[(2+h)^2-4]/h
find the limit
how do i do this?
To find the limit of the expression [(2+h)^2-4]/h as h approaches a certain value, you can follow these steps:
1. Substitute the value that h approaches into the expression. In this case, let's assume h approaches 0. So substitute 0 for h in the given expression: [(2+0)^2-4]/0.
2. Simplify the expression. Since we substituted 0 for h, the expression becomes [(2+0)^2-4]/0 = [2^2-4]/0 = [4-4]/0 = 0/0.

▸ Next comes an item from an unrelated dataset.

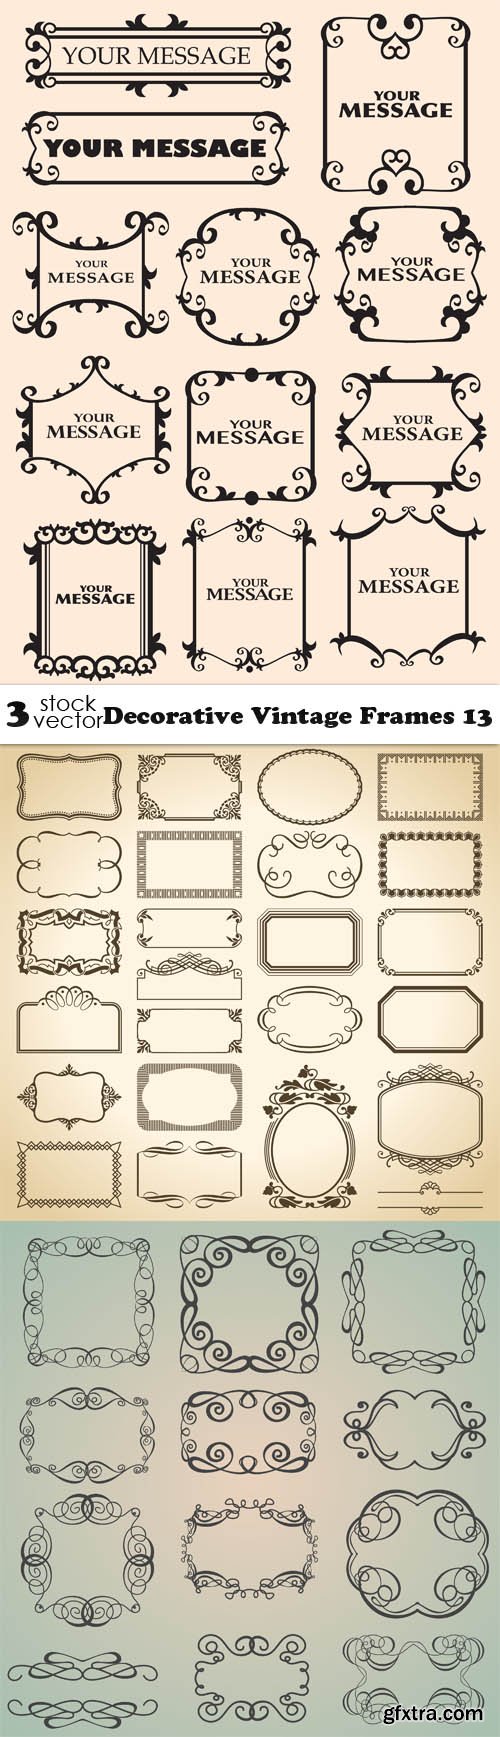 Vectors - Decorative Vintage Frames 13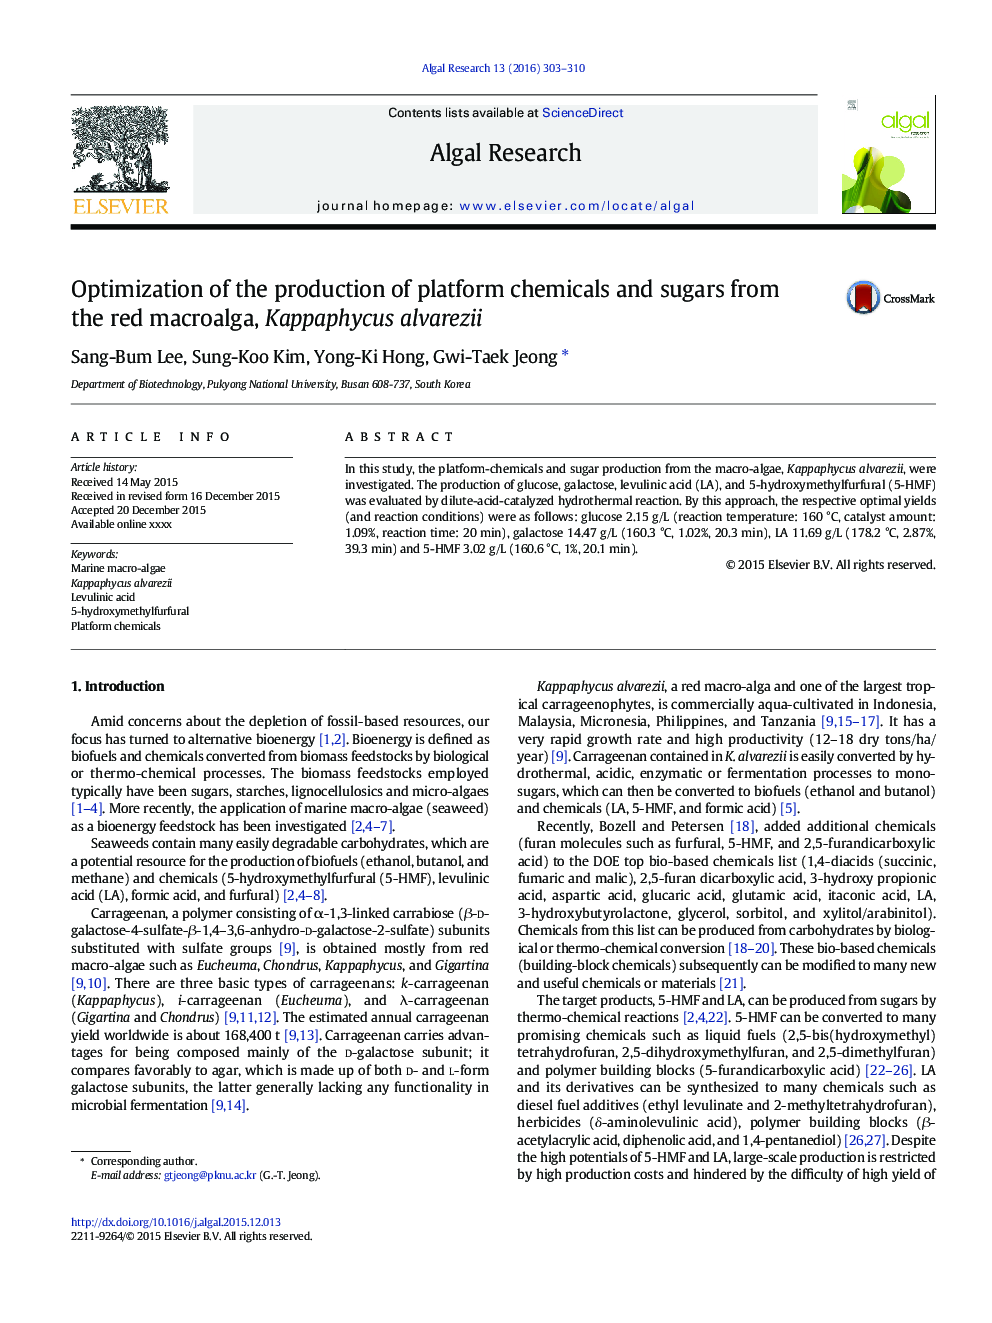 Optimization of the production of platform chemicals and sugars from the red macroalga, Kappaphycus alvarezii

3. Notice that the expression has now become an indeterminate form of 0/0. This means we cannot directly evaluate the limit using substitution.
4. To evaluate the limit in this case, we can use algebraic manipulation. Expand out the numerator using the binomial square formula: [(2+h)^2-4] = (4 + 4h + h^2 - 4) = (h^2 + 4h).
5. Now we have (h^2 + 4h)/h = (h(h + 4))/h = (h + 4). Notice that the simplified expression no longer contains h in the denominator.
6. Finally, taking the limit as h approaches 0, we substitute 0 into the simplified expression: lim (h + 4) as h approaches 0. The result is 0 + 4 = 4.
Therefore, the limit of the expression [(2+h)^2-4]/h as h approaches 0 is 4.